Two fixed presets live next to Ask Agent: FIX ERRORS and FIX WARNINGS. They appear under the log after any build that fails, parse .wire/build-errors.txt, and loop until clean.
What it is not
This is not an IDE. It's not a code editor. It's not a CMS. It does not reimplement Wire logic. Every button runs a wire subcommand in a subprocess. The dashboard knows nothing Wire doesn't tell it.
That constraint matters: new Wire commands appear in the UI automatically the next time you restart it. The UI introspects argparse at runtime. Nothing is hardcoded. When Wire grows, the dashboard grows with it. For more on how that kind of single-surface thinking shapes Wire, see The Stack Collapsed.
Stack
- Python stdlib
http.server+ threading. No FastAPI, no async framework. - Vanilla JS with ES modules served as static files. No Vite, no npm, no build step.
- Tailwind-free CSS aligned with Wire's
tech.css, so the dashboard uses Wire's colors and 2px corners. - 0 new runtime dependencies in
pyproject.toml.
The whole thing is about 1,500 lines of Python and JS combined.
Also shipped today: lint got 55% faster
While wiring up the dashboard I profiled a build. 103 pages, 203 seconds. The profiler showed lint_site parsing each HTML page once for cross-page analysis, then lint_page re-reading the file and re-parsing with BeautifulSoup for per-page rules. Every page was being parsed twice.
Three-line fix: pass the already-parsed soup through to lint_page instead of re-reading. Lint dropped from 145s to 50s. Full build from 203s to 90s.
If you were waiting on slow lints, that's gone.
Try it
# in any Wire site
python -m wire.chief ui
If you hit issues, click ASK AGENT and paste the error.

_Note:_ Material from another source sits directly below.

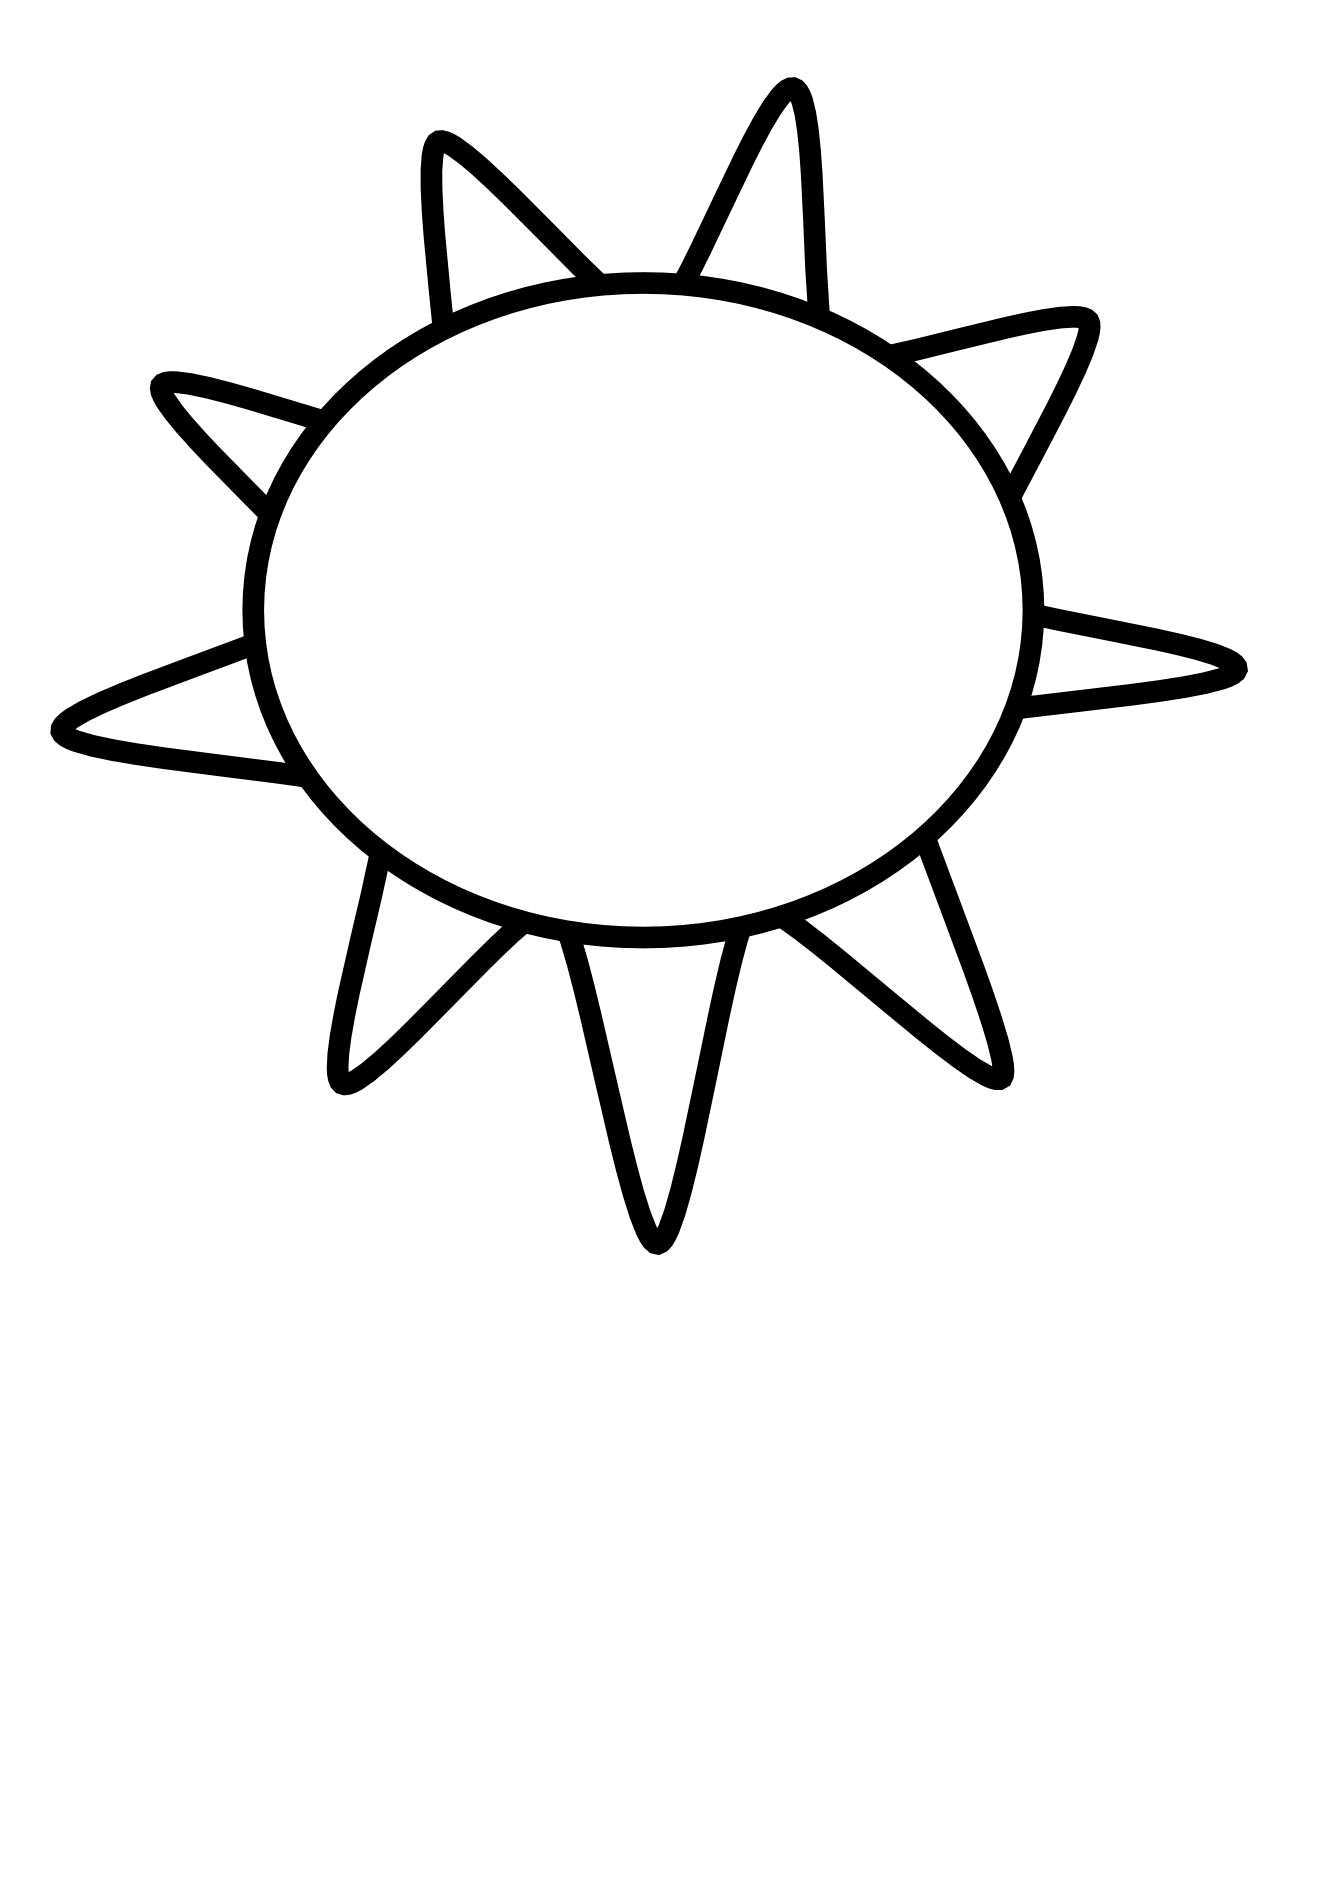 Half Sun Clipart Black And White   Clipart Panda   Free Clipart Images

That's what it's there for.
wire-ui is in Wire's master branch. Pull, install, run. No migration, no config. It just reads the files you already have.
What's next
The UI is the smallest thing that closed the loop between editing, building, previewing, and reviewing. What's missing: live preview refresh on save, a GSC keyword panel per page, a diff-viewer that understands markdown semantics, keyboard shortcuts for palette nav. These are additive. The foundation is small enough to extend.
The whole point of Wire was to take tools that were separate and make them one. The dashboard is the same move, one layer up.